FY23 net profit of RM677.8m (+18% YoY) and full-year dividend payment of 22.0 sen were within expectations. The group looks to acquire a larger loans base in spite of a slower economic outlook thanks to their strong positioning in key segments. Assuming earnings and dividend payouts could sustain, ABMB is poised to be one of the highest yielding stock among the banks. Maintain OUTPERFORM and GGM-derived PBV TP of RM4.40.
FY23 within expectations. FY23 net profit of RM677.8m made up 98% of our full-year forecast and 99% of consensus full-year estimates. A second interim dividend of 10.0 sen was declared, leading to a full-year payment of 22.0 sen. This is spot on with our expectations from an anticipated payout of 50%.
YoY, FY23 total income grew by 3% as net interest income rose by 11%. This was driven by a 6% growth in loans on top of net interest margin (NIM) expanding by 16 bps (to 2.76%) riding on the OPR upcycle in CY22. However, non-interest income eroded 34% as treasury and investment losses fail to recuperate. Meanwhile, cost-income ratio inched to 45.9% (+1.8ppts) as higher talent investments boosted operating expenses. Cost income ratio closed at 32 bps (-16 bps) as the group had written back on pandemic-related overlays. Overall, FY23 net earnings reported at RM677.8m (+18%).

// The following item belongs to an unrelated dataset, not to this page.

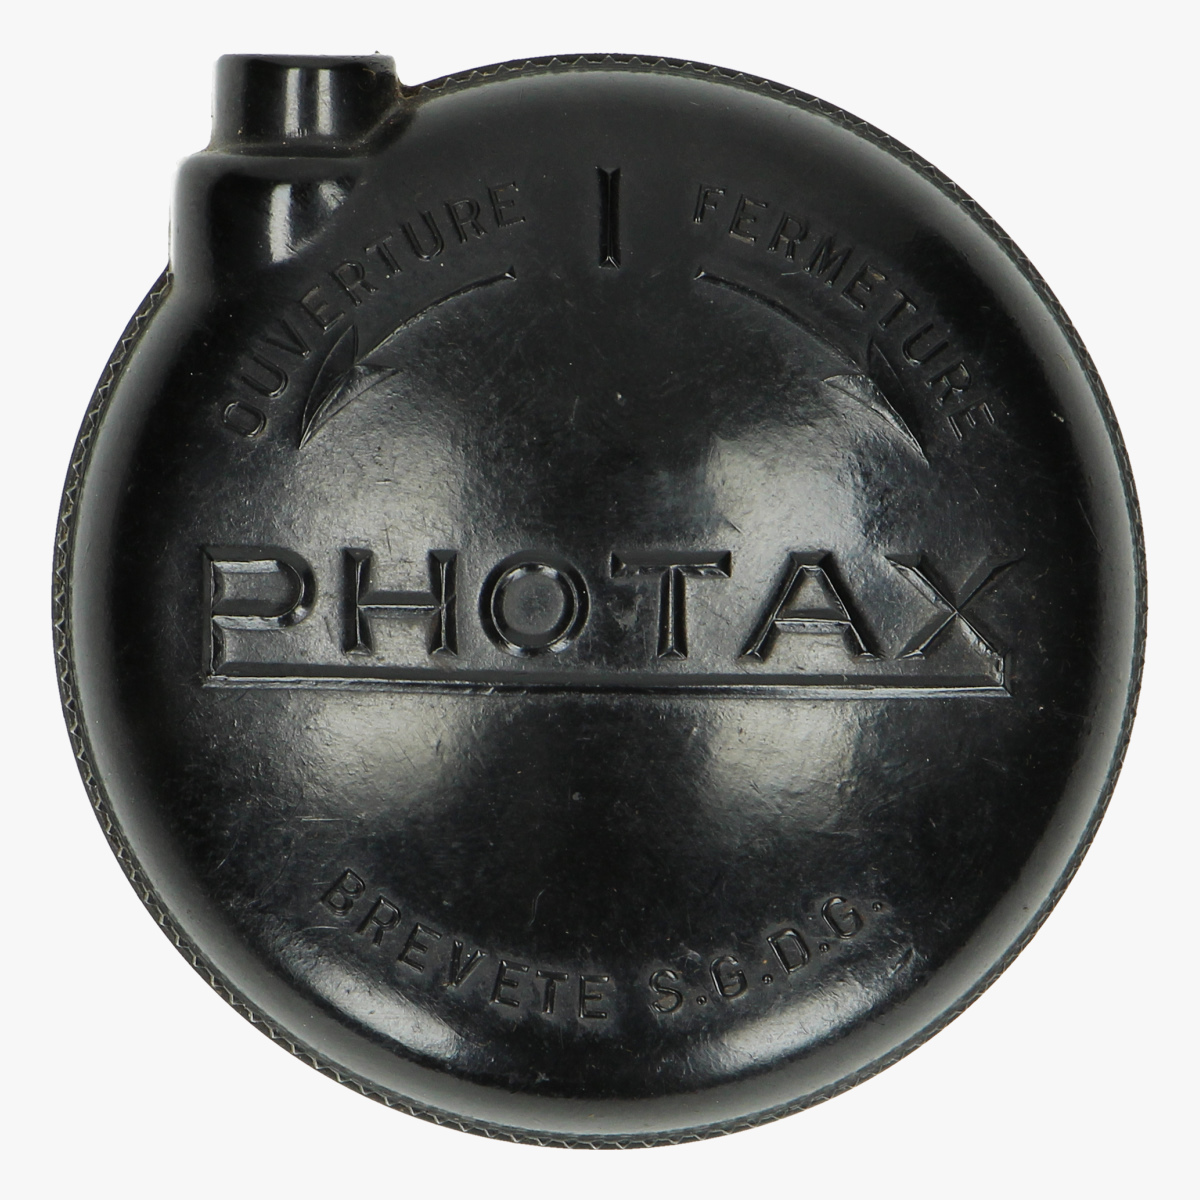 Afbeeldingen van bakelieten fotocamera photax boyer lens

Briefing highlights. Although the group had initially cautioned that loans growth was under threat during its 3QFY23 briefing, it managed to achieve its initial target of 6%-8% and opines it could do better.

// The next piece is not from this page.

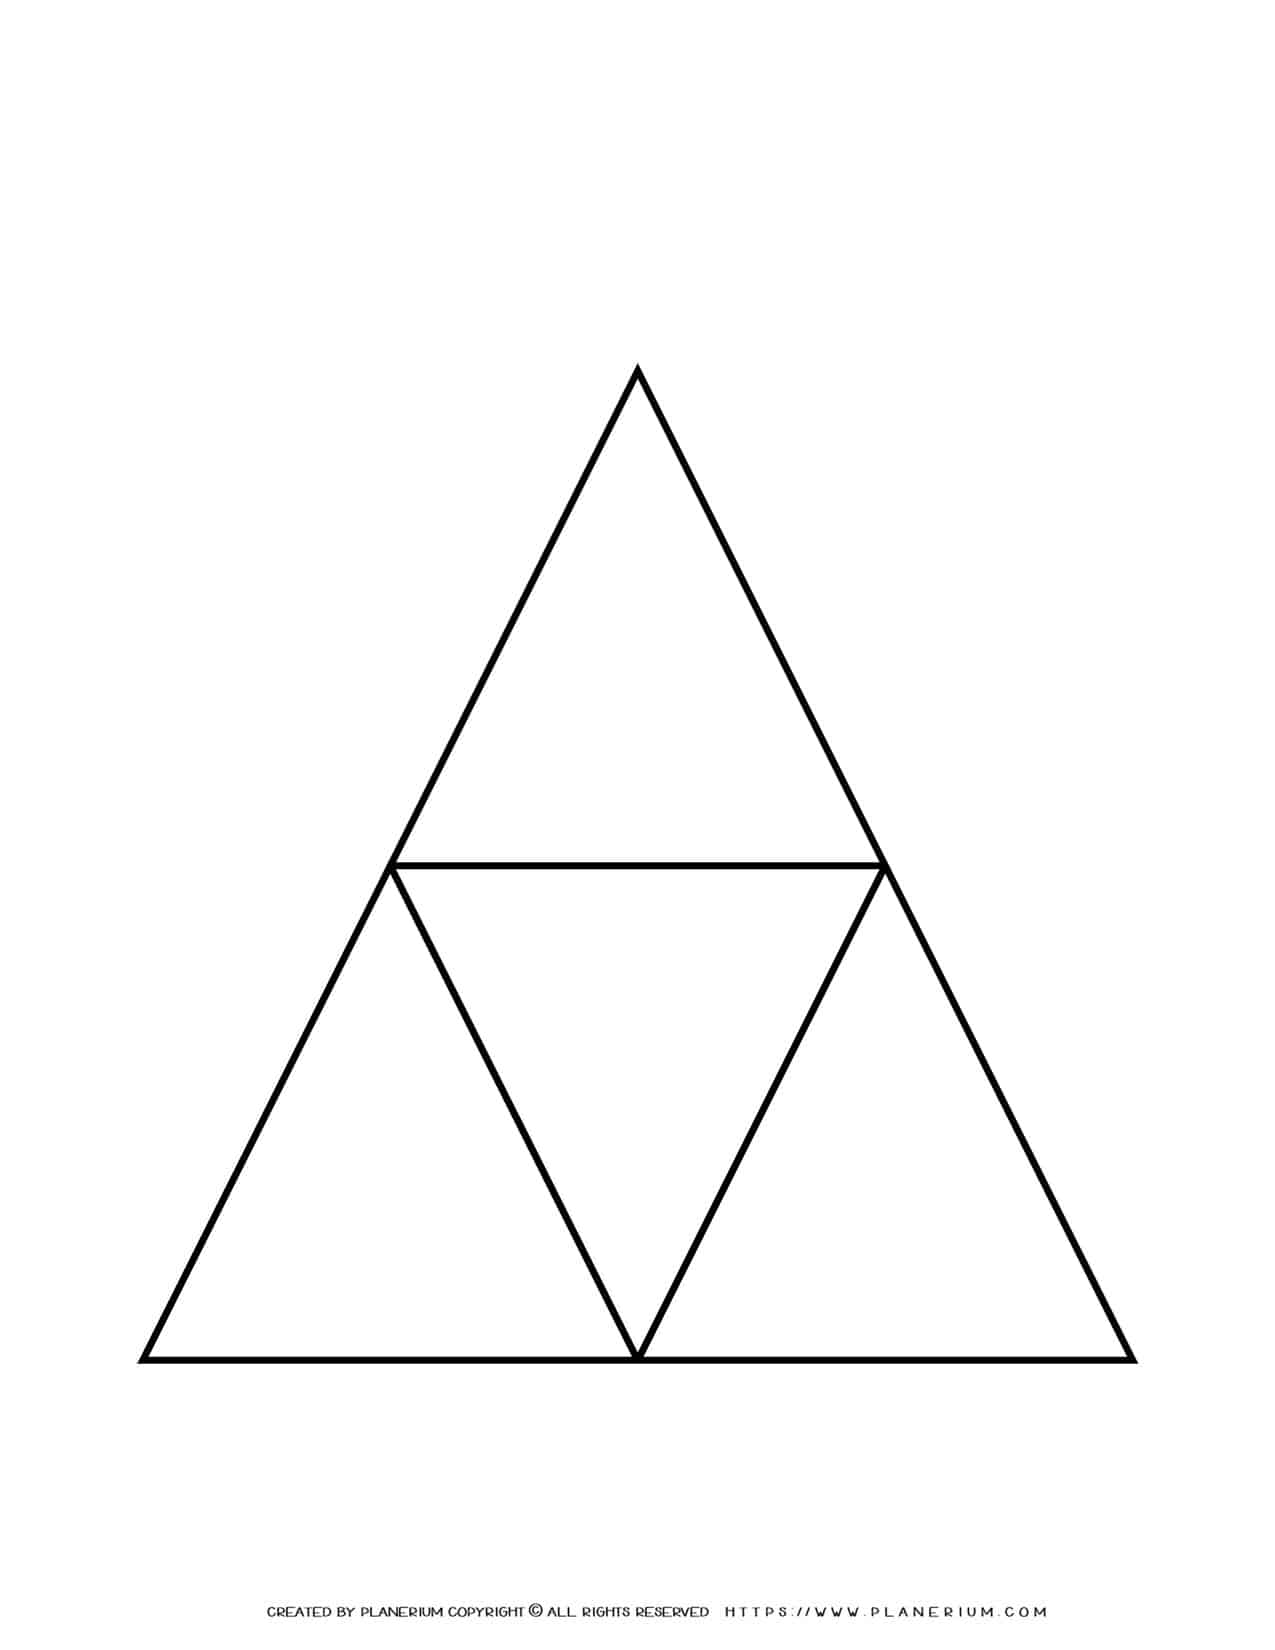 Graphic Organizer - Triangle Diagram | Planerium

Forecasts. Post results, we lowered our FY24F earnings slightly as we incorporate FY23’s full-year numbers. FY24F reflects an 11% earnings growth with greater dependence on interest income to lead as fee-based businesses may continue to be sluggish. While the group holds an 8%-10% loans growth target, we opt to be conservative with only 6% assumed in our model. Meanwhile, we also introduce our FY25F numbers.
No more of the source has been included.